## RECORDS SHOWN

***

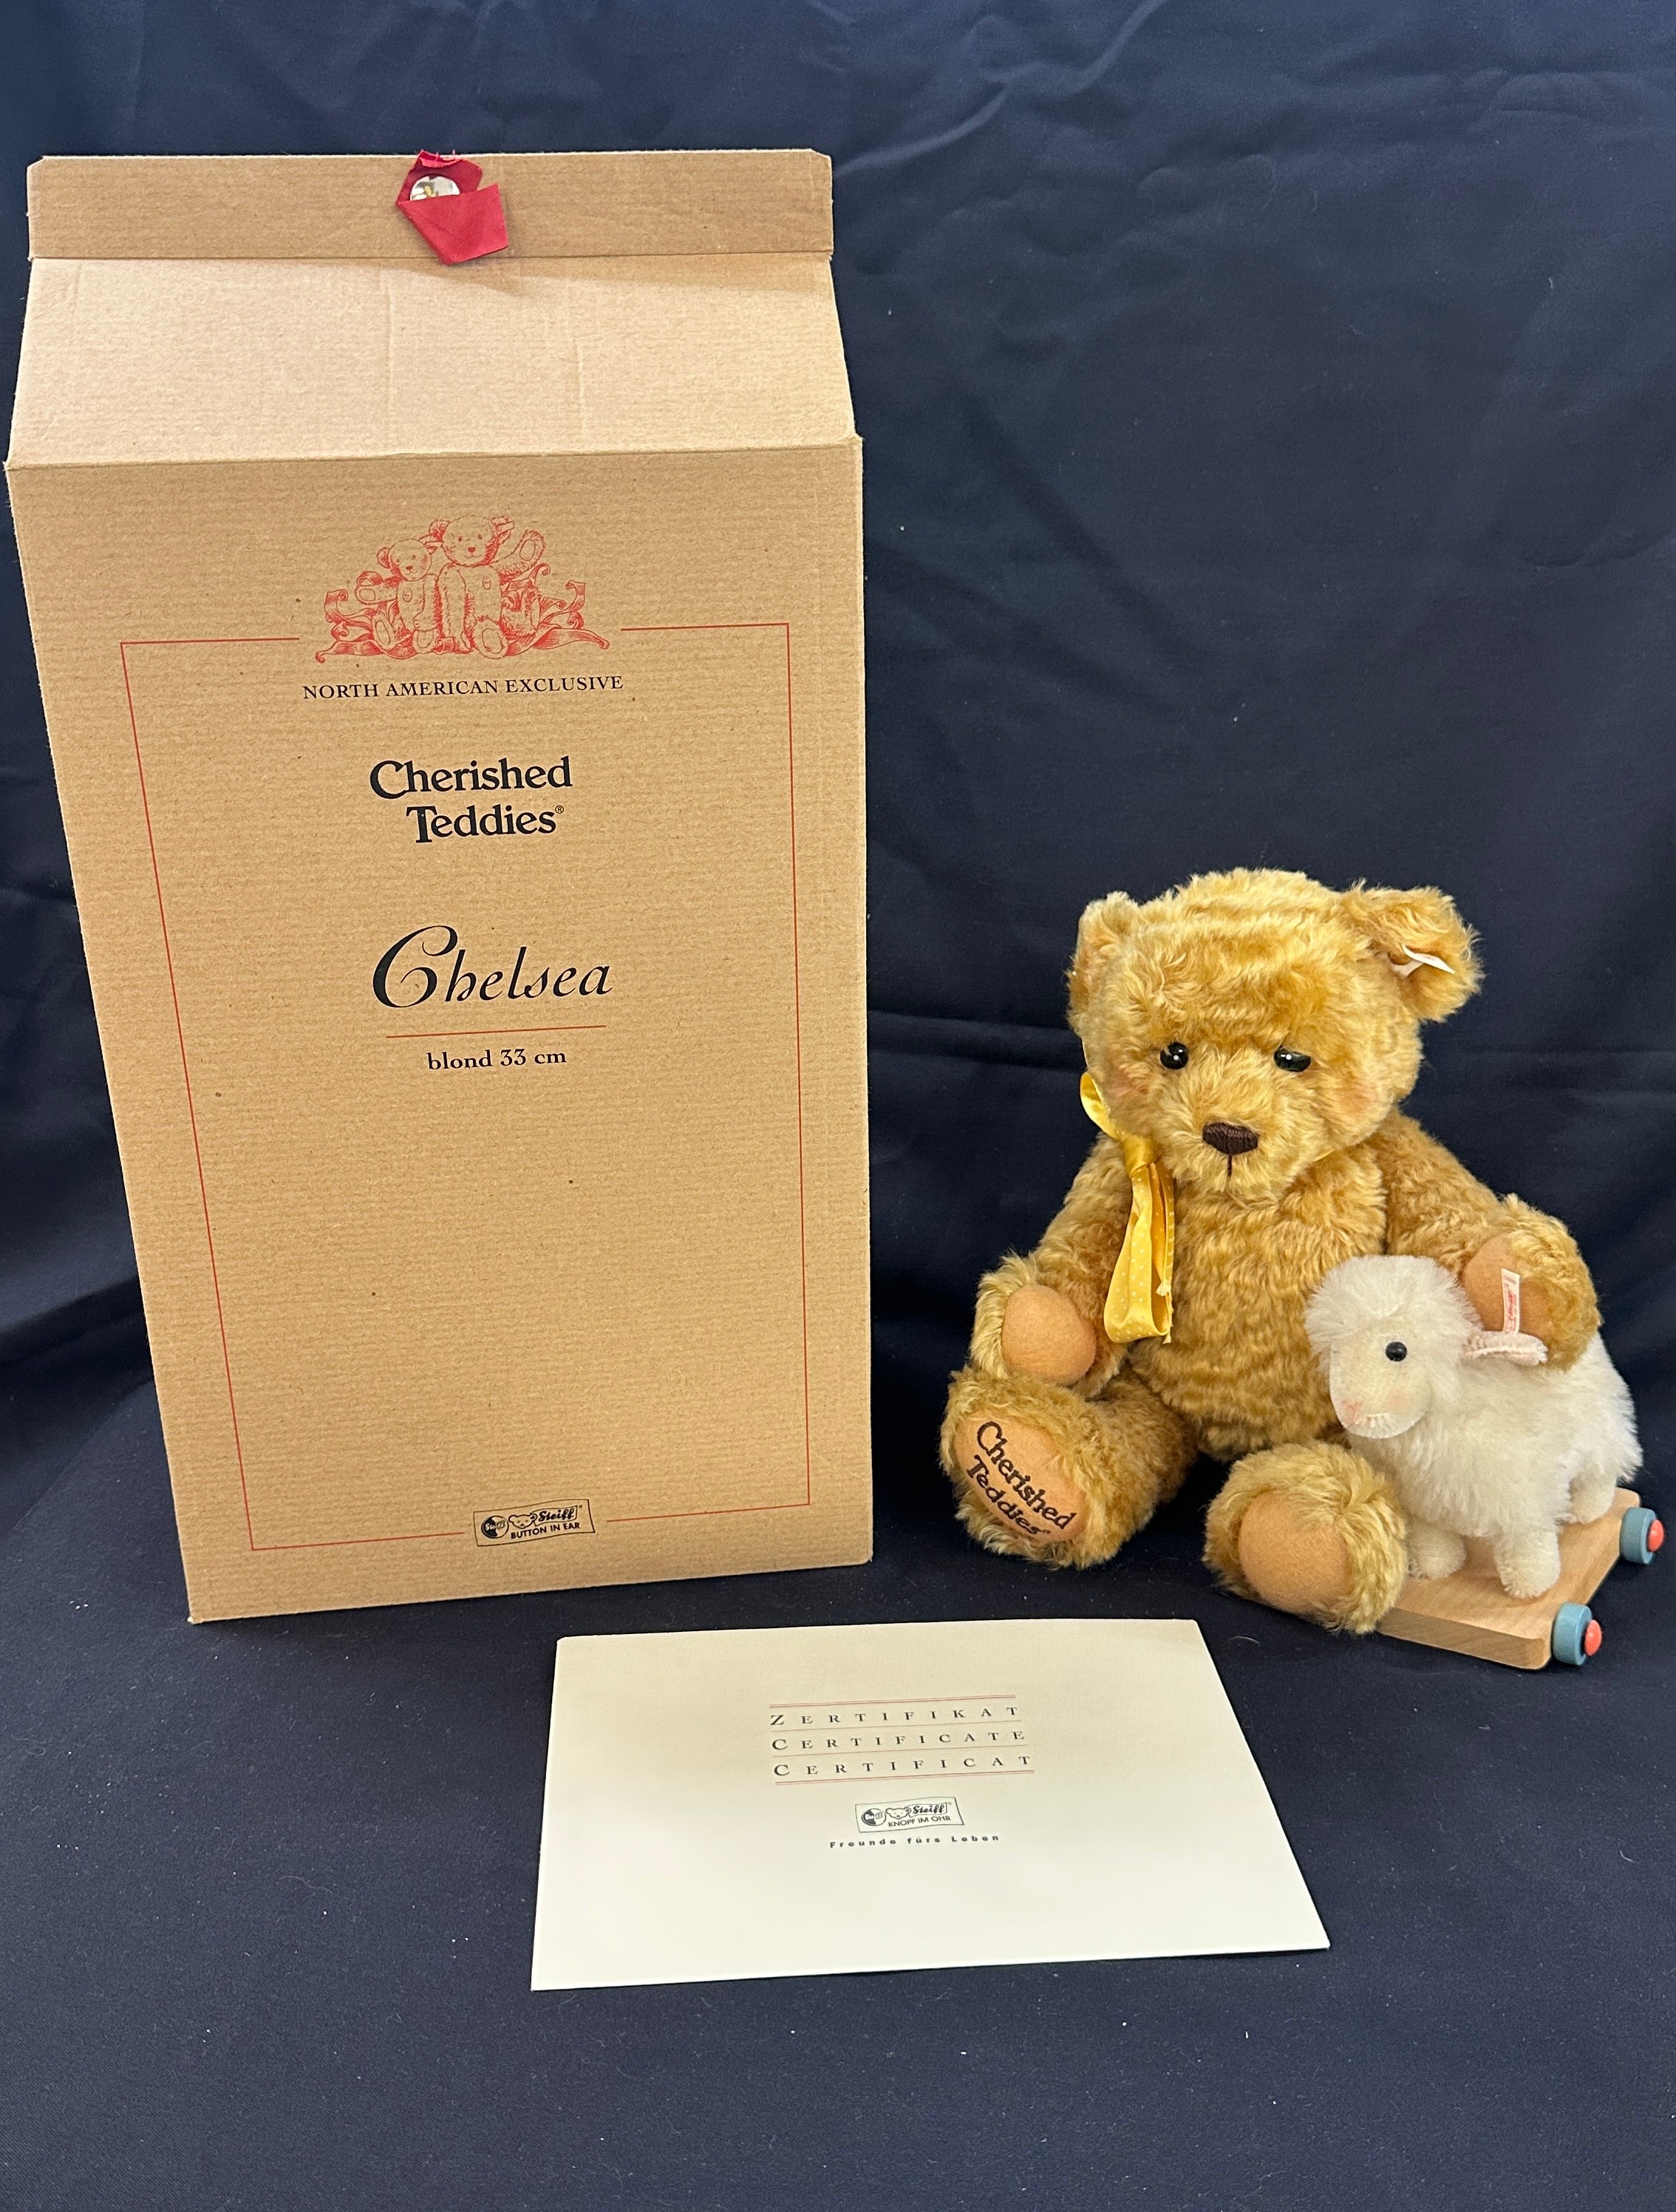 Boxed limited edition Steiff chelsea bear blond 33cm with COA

***

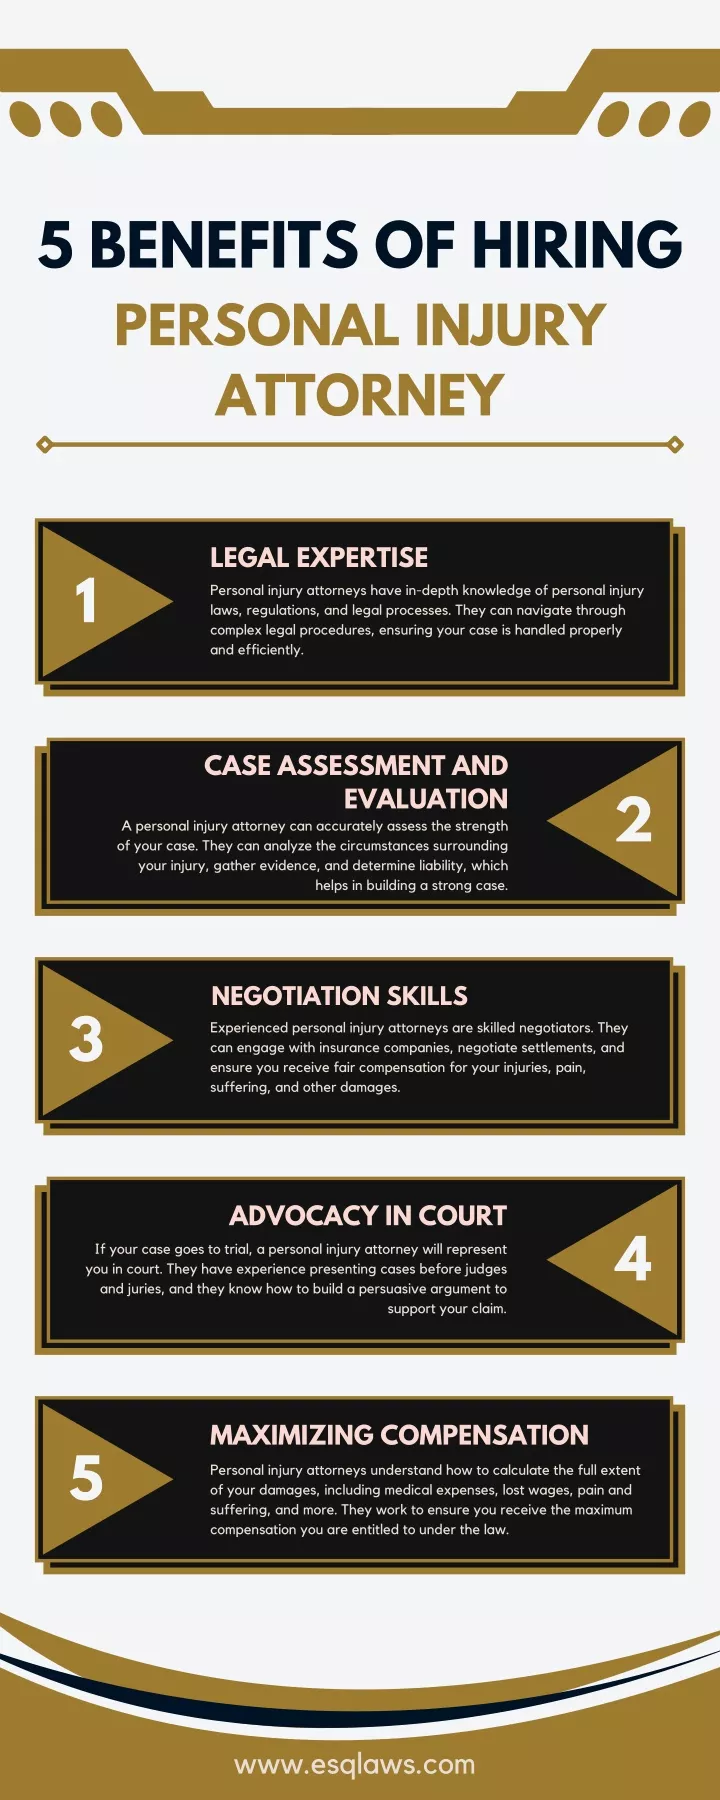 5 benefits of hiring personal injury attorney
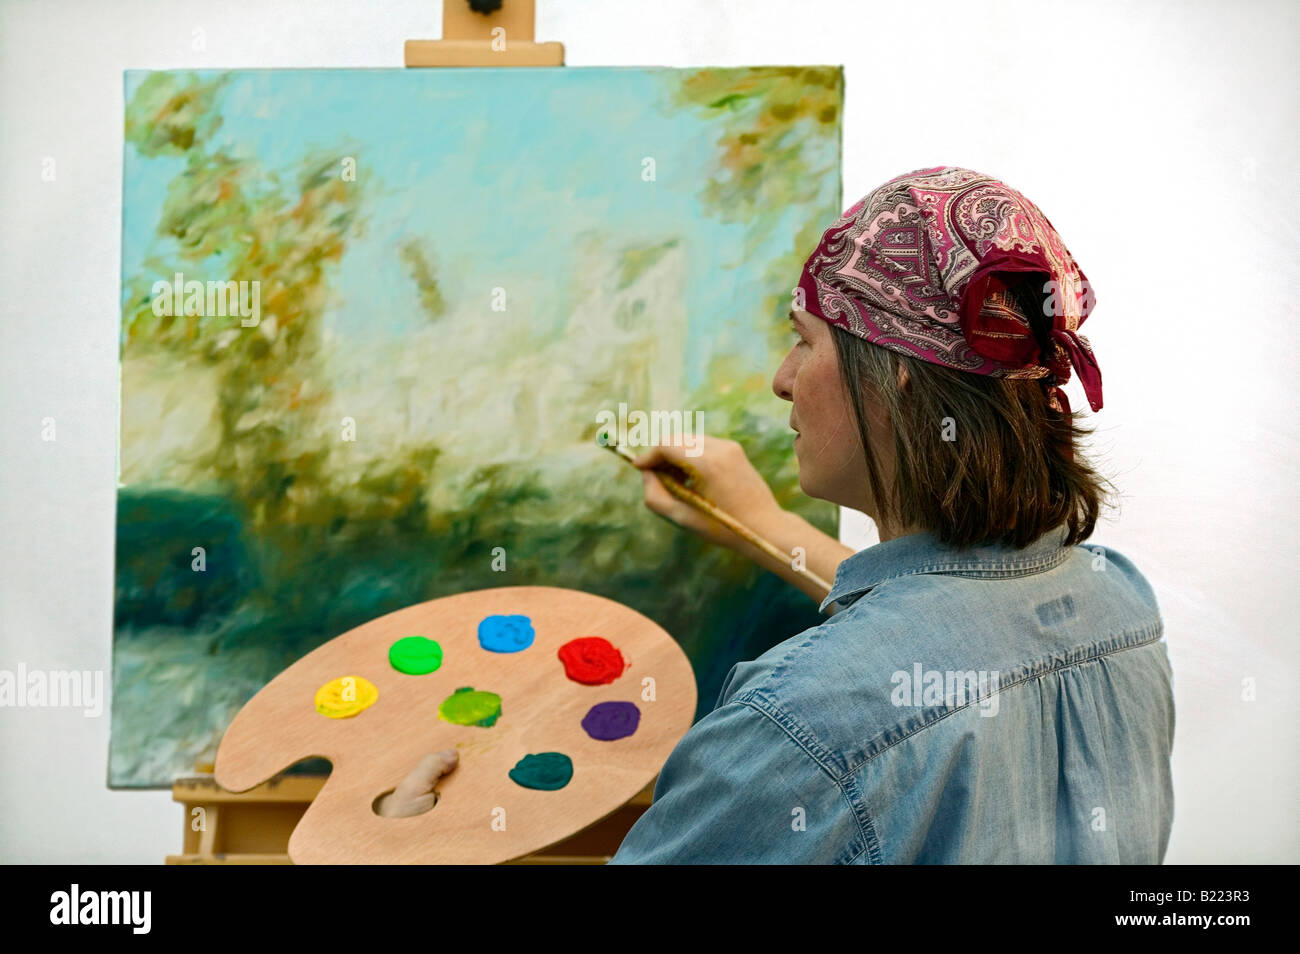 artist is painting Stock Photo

***

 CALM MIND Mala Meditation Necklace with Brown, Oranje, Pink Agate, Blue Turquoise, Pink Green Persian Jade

***

## TASK DIRECTIONS
Taking the entries above, copy word for word the lines from the one with "5 benefits of" up to and including the one with "artist is painting Stock Photo", without any picture.

## SOLVED EXERCISE
 5 benefits of hiring personal injury attorney
 artist is painting Stock Photo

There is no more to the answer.